BEGIN GIVEN MATERIAL

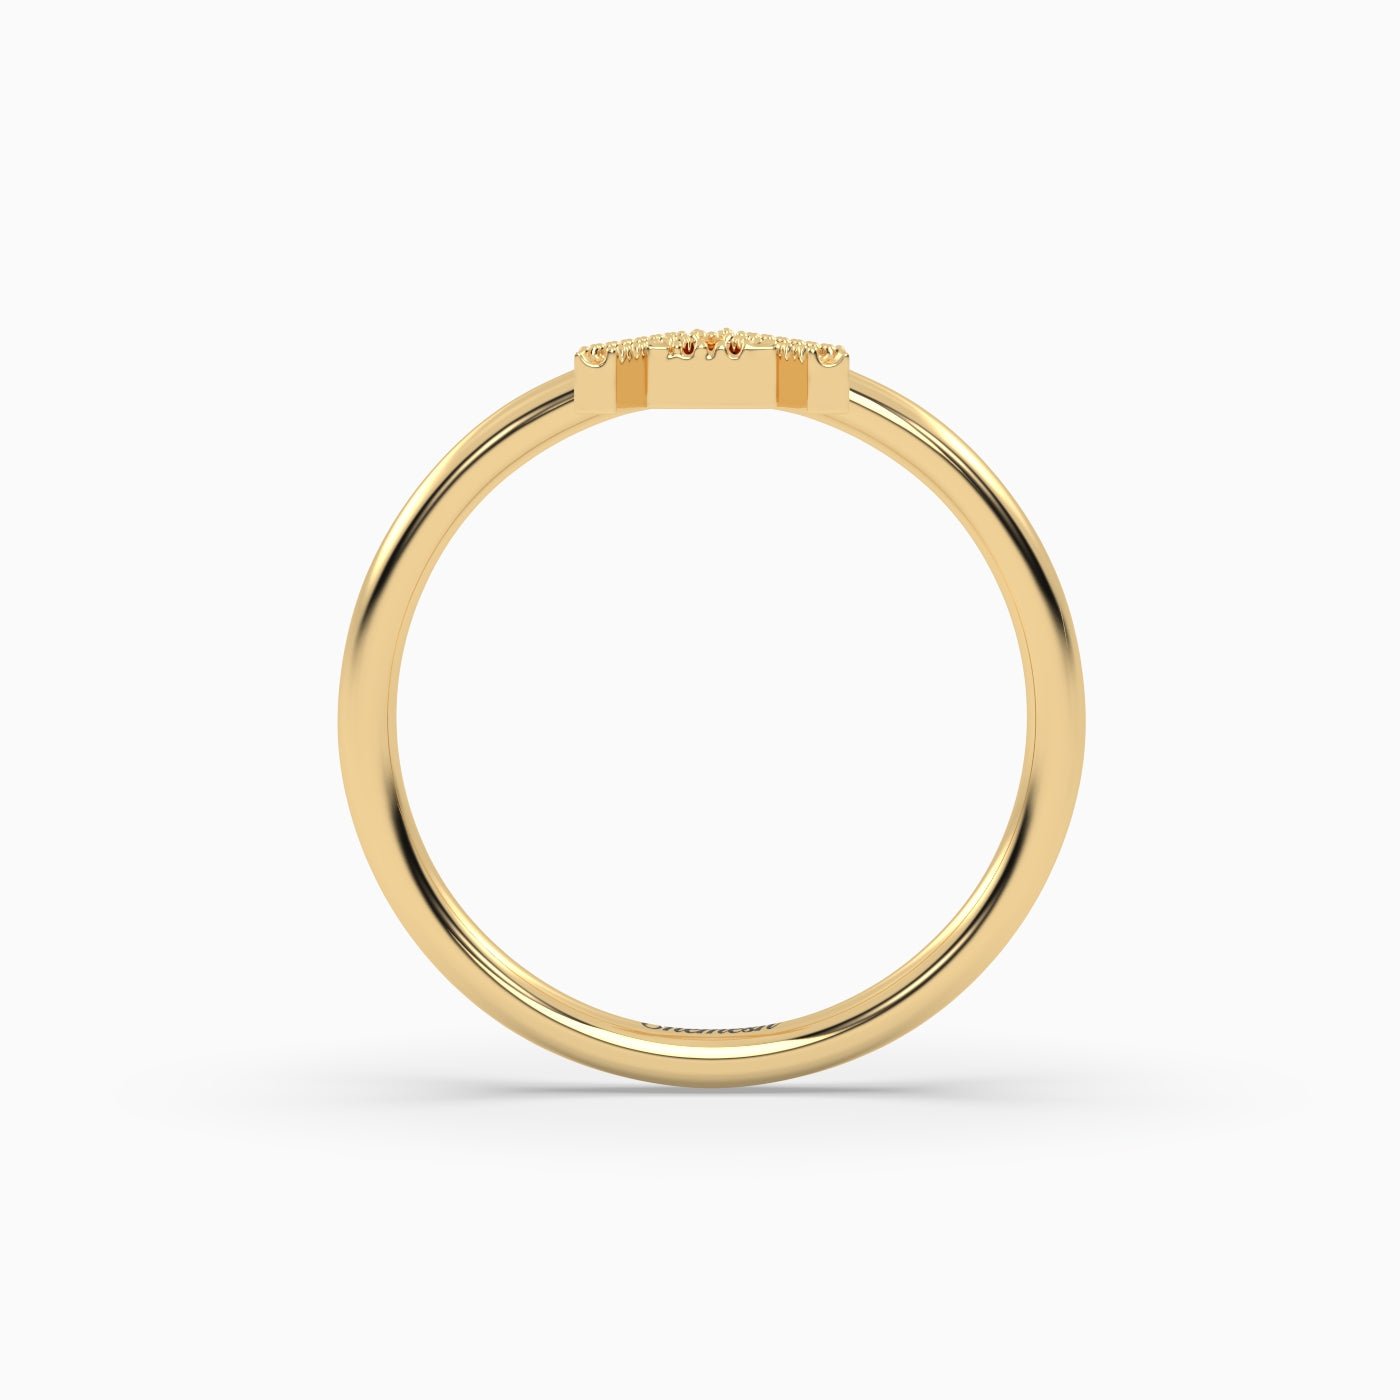 18K Gold "A" Initial Ring - shemesh_diamonds
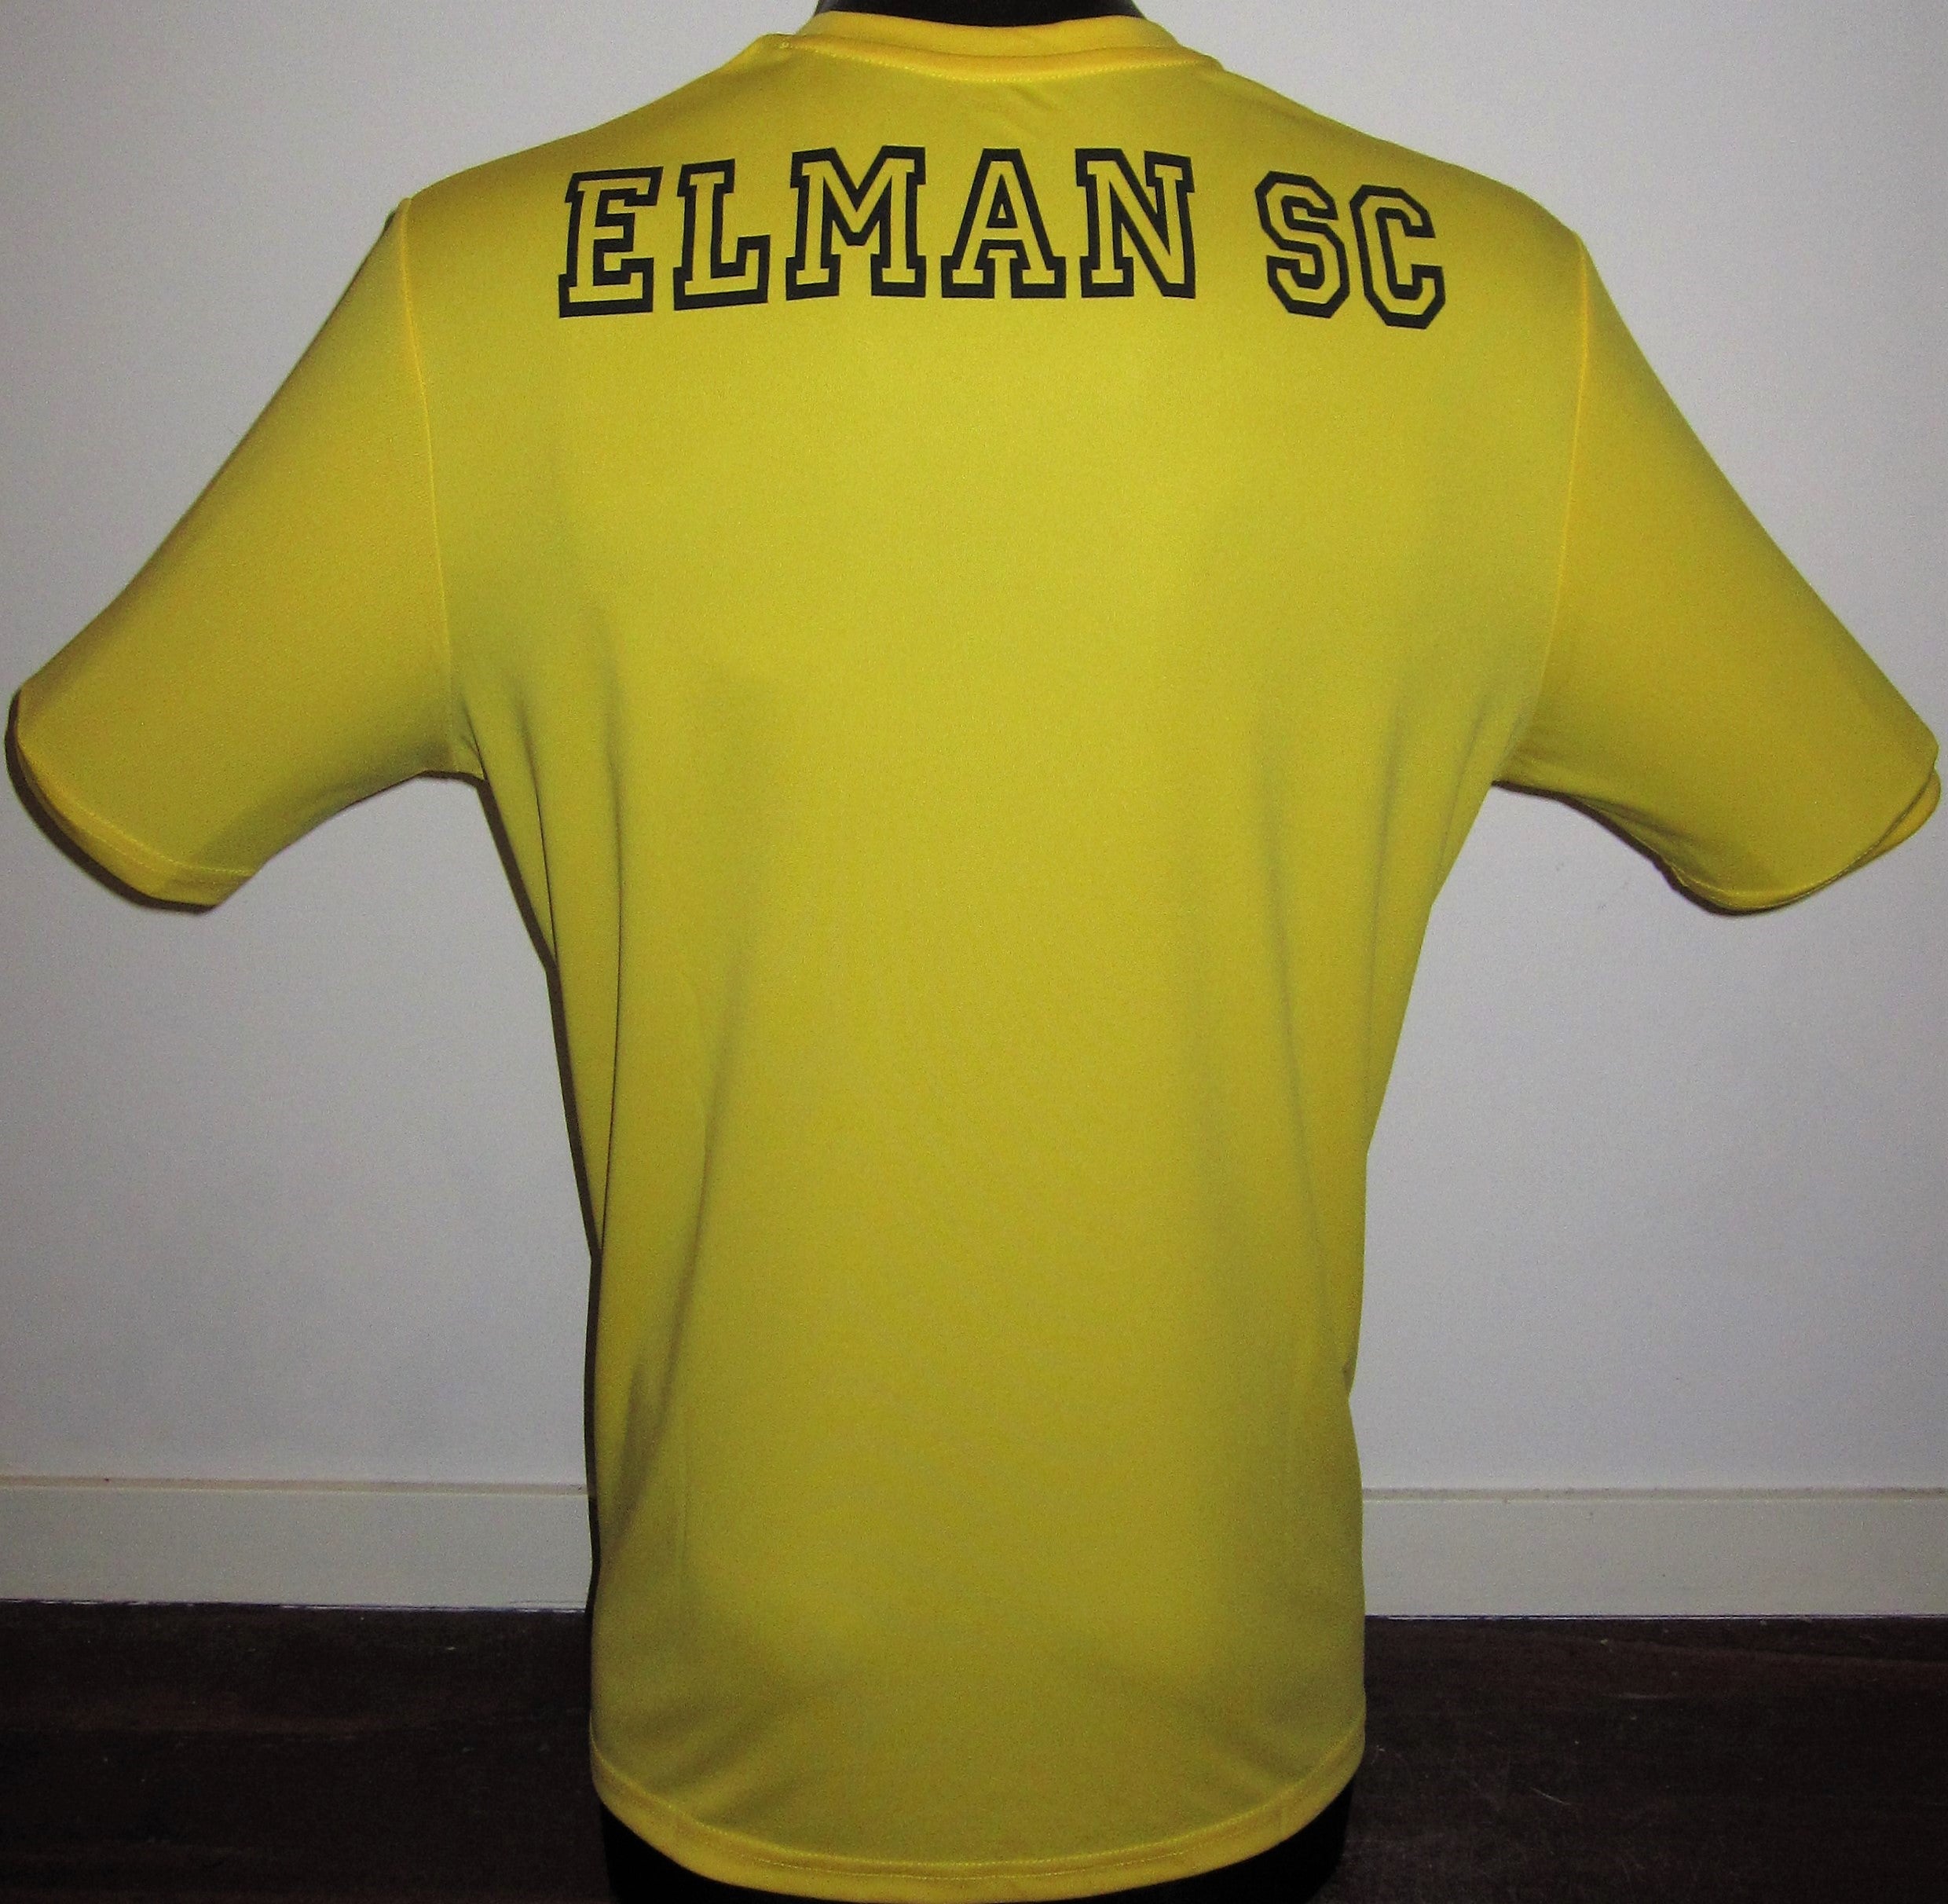 Elman SC 2019-20 Home Jersey/Shirt
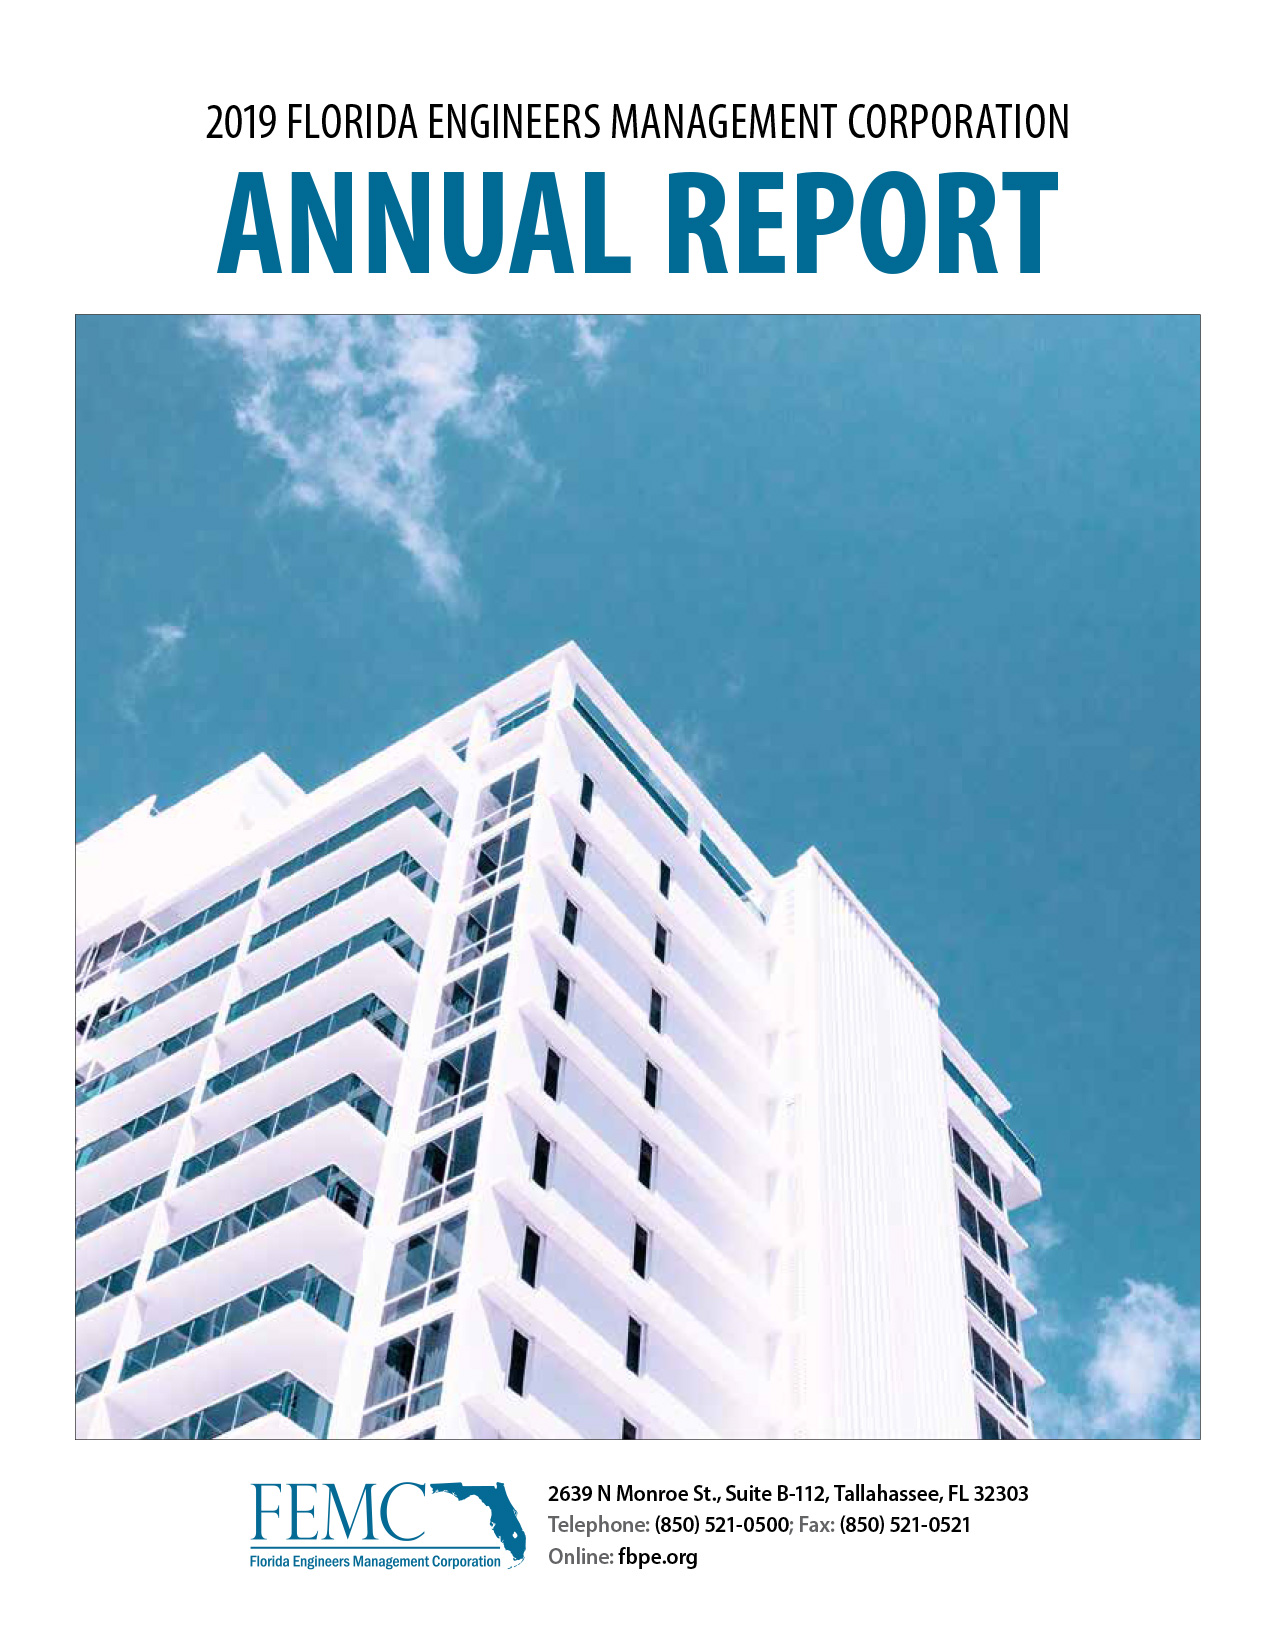 2018-19 FEMC Annual Report

END GIVEN MATERIAL

THE TASK >> Where a picture appears in the material above, skip it, and print the rest exactly.

WRITTEN REPLY >>
 18K Gold "A" Initial Ring - shemesh_diamonds
 Elman SC 2019-20 Home Jersey/Shirt
 2018-19 FEMC Annual Report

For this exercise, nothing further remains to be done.